▸ **Your instructions**:
Could you repeat the listing exactly, leaving out the pictures?

______

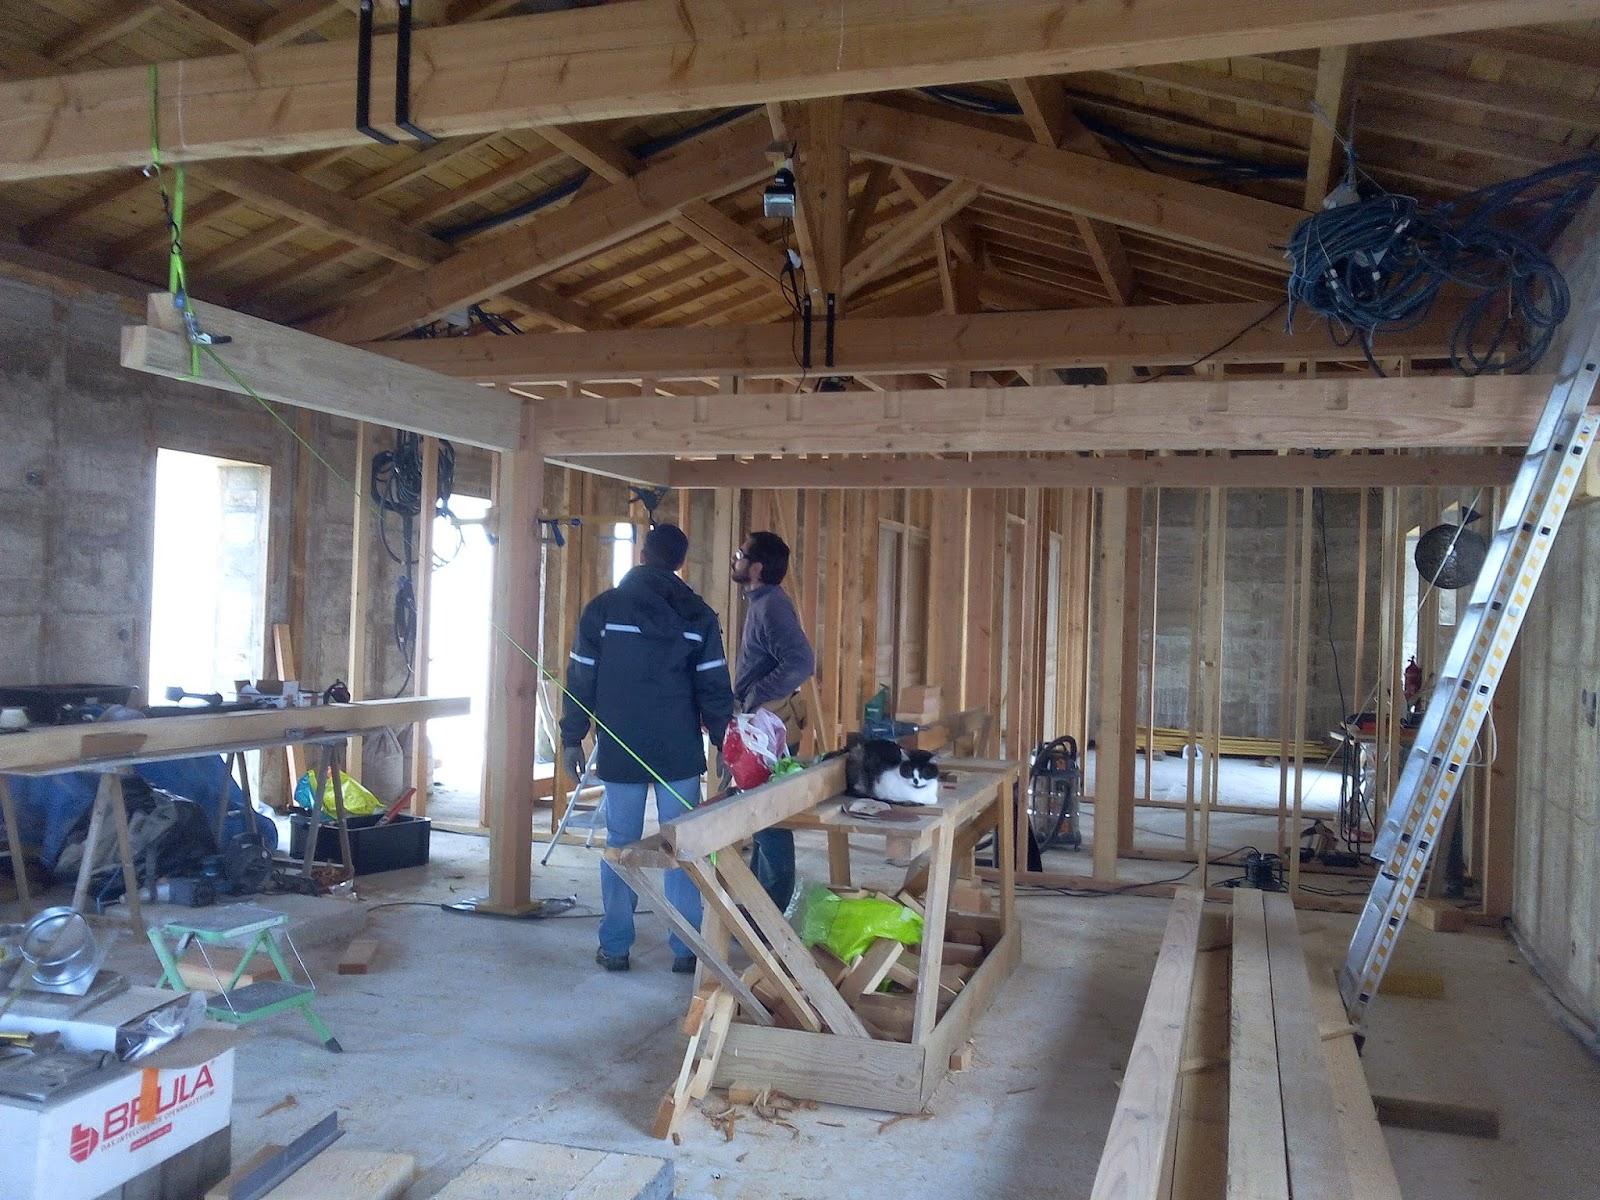 construire une mezzanine en bois interesting les deux bastaings qui se croisent au dessus du. Black Bedroom Furniture Sets. Home Design Ideas
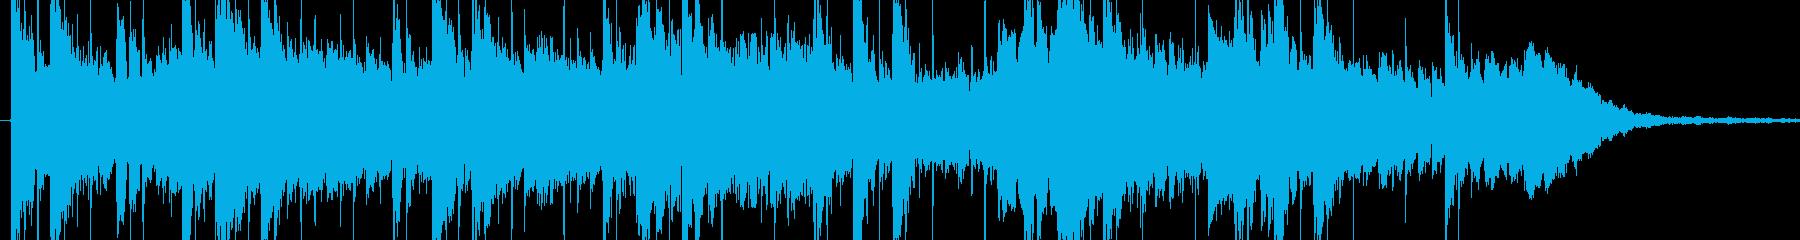 電気楽器。きらめく、スペーシーな溝...の再生済みの波形
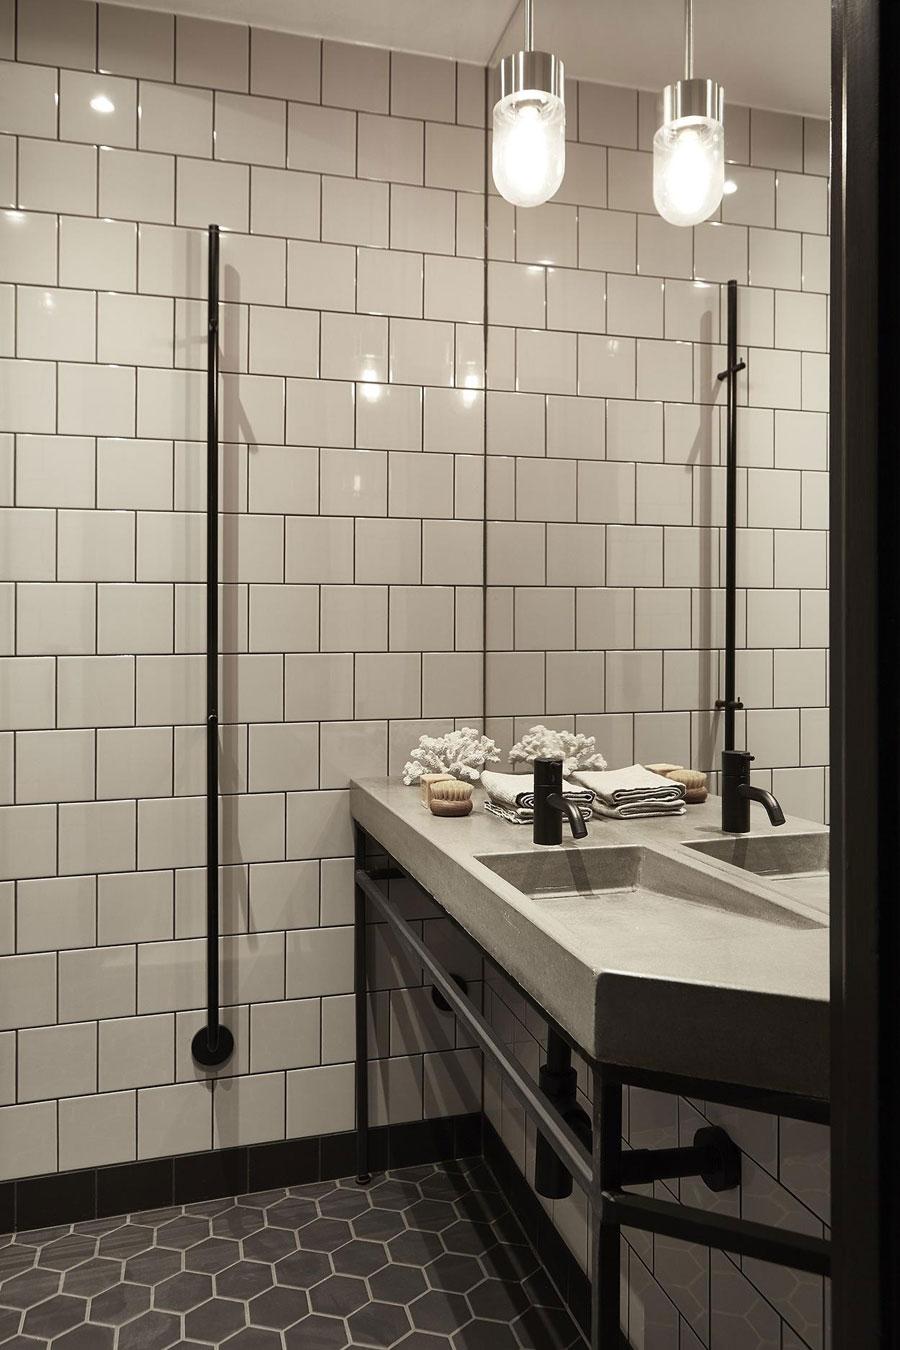 soorten badkamer verwarming
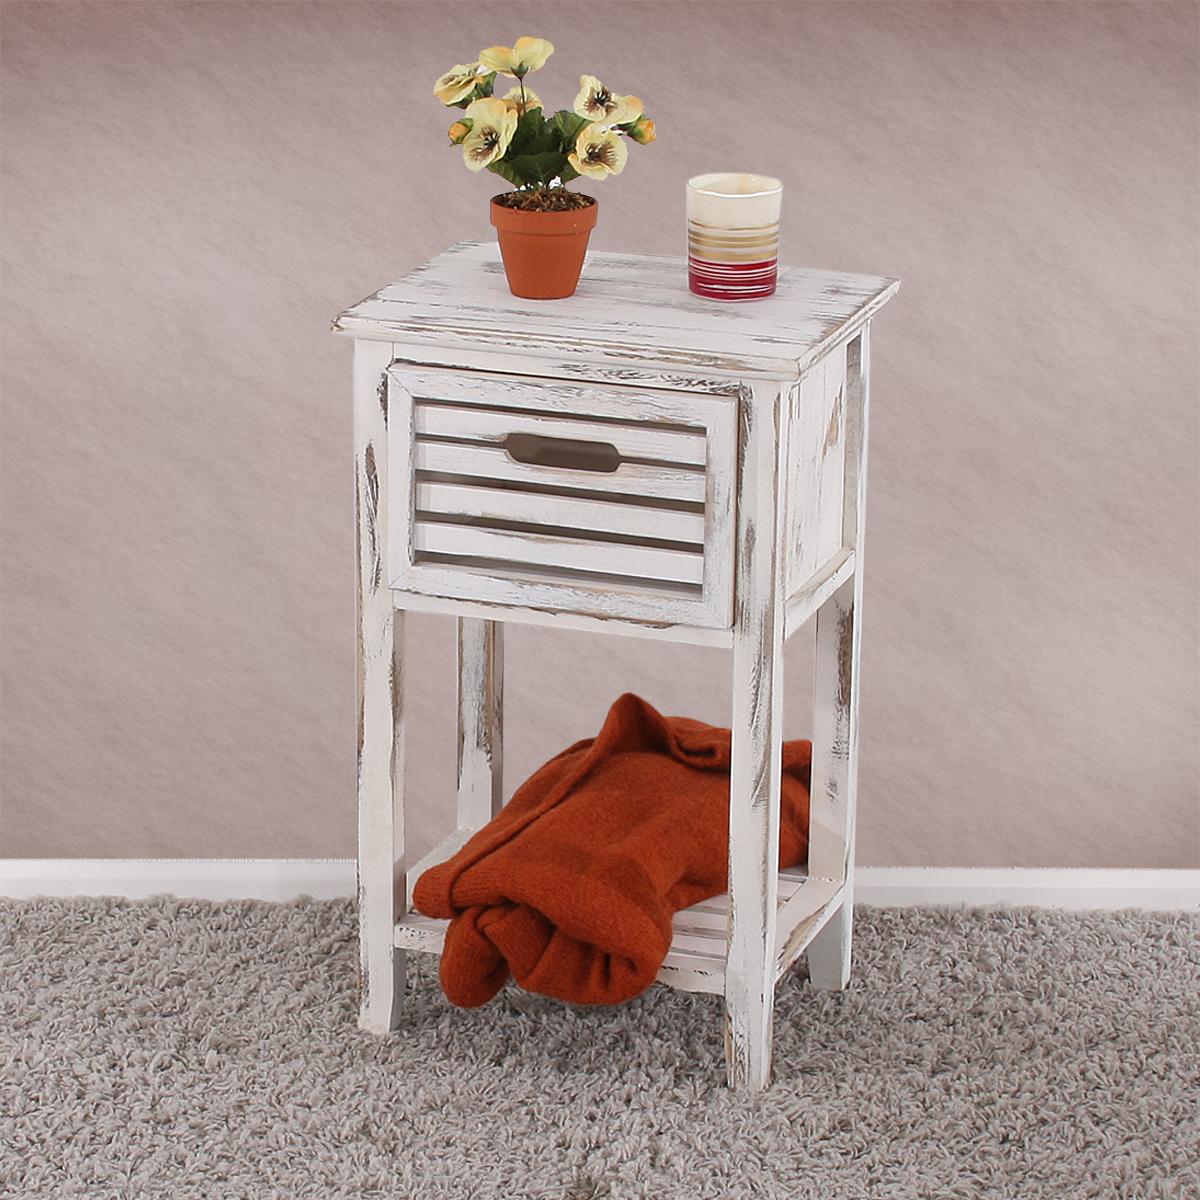 kommode beistelltisch telefontisch 57x35x27cm shabby look vintage wei. Black Bedroom Furniture Sets. Home Design Ideas
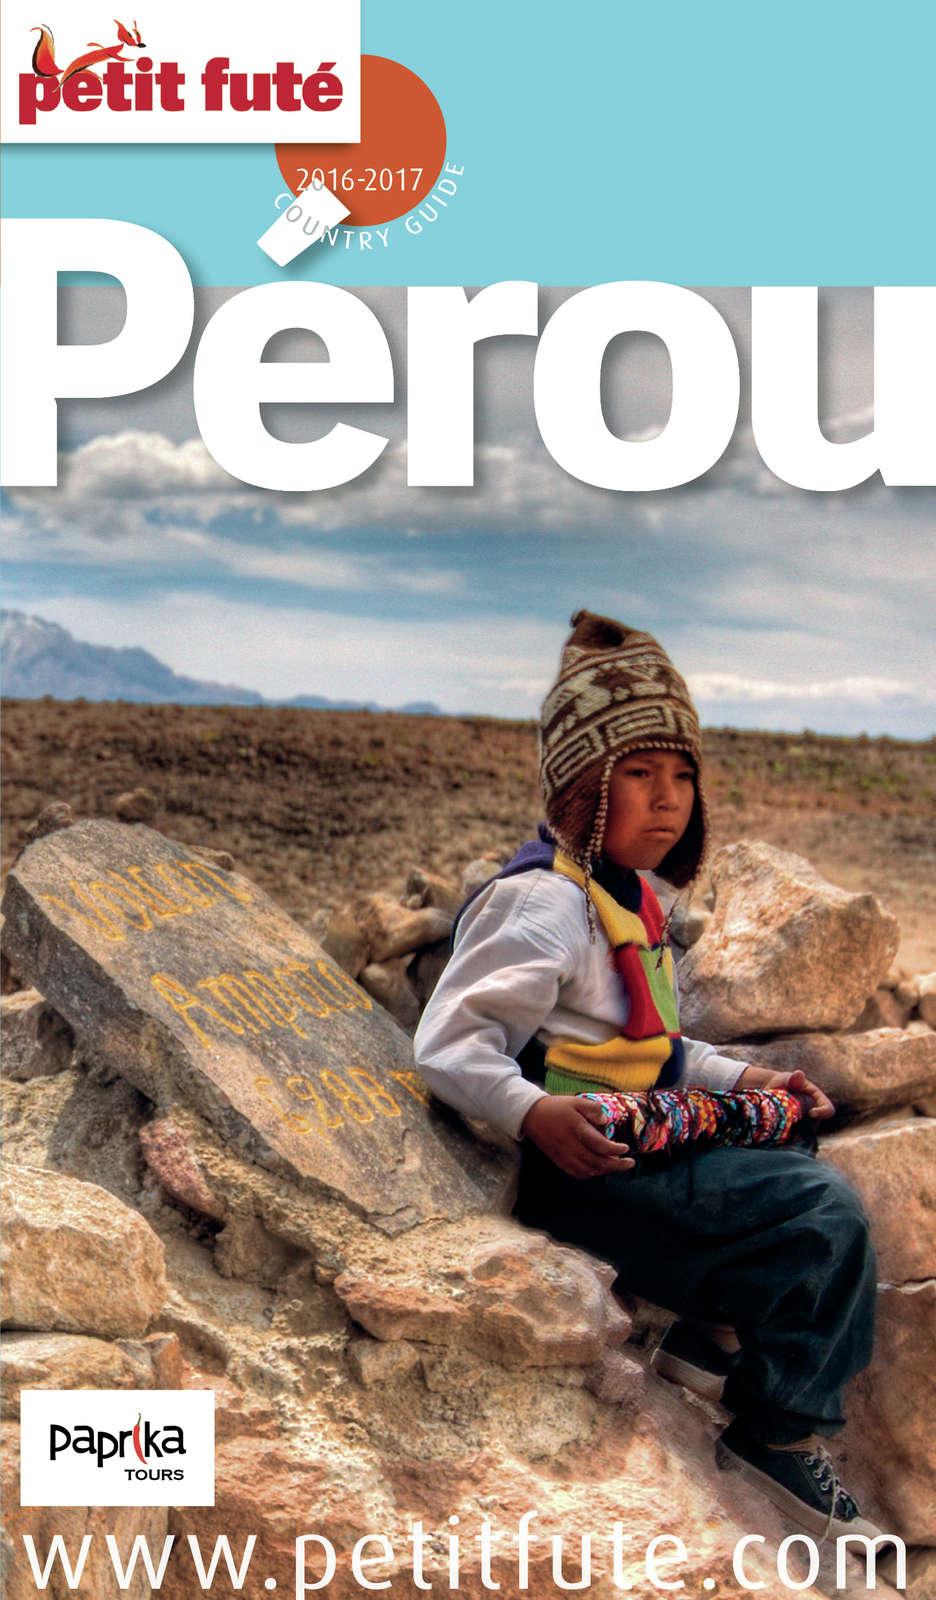 télécharger Petit Futé - Pérou 2016-2017

______

▸ **Solution to this task**:
 construire une mezzanine en bois interesting les deux bastaings qui se croisent au dessus du. Black Bedroom Furniture Sets. Home Design Ideas
 電気楽器。きらめく、スペーシーな溝...の再生済みの波形
 soorten badkamer verwarming
 kommode beistelltisch telefontisch 57x35x27cm shabby look vintage wei. Black Bedroom Furniture Sets. Home Design Ideas
 télécharger Petit Futé - Pérou 2016-2017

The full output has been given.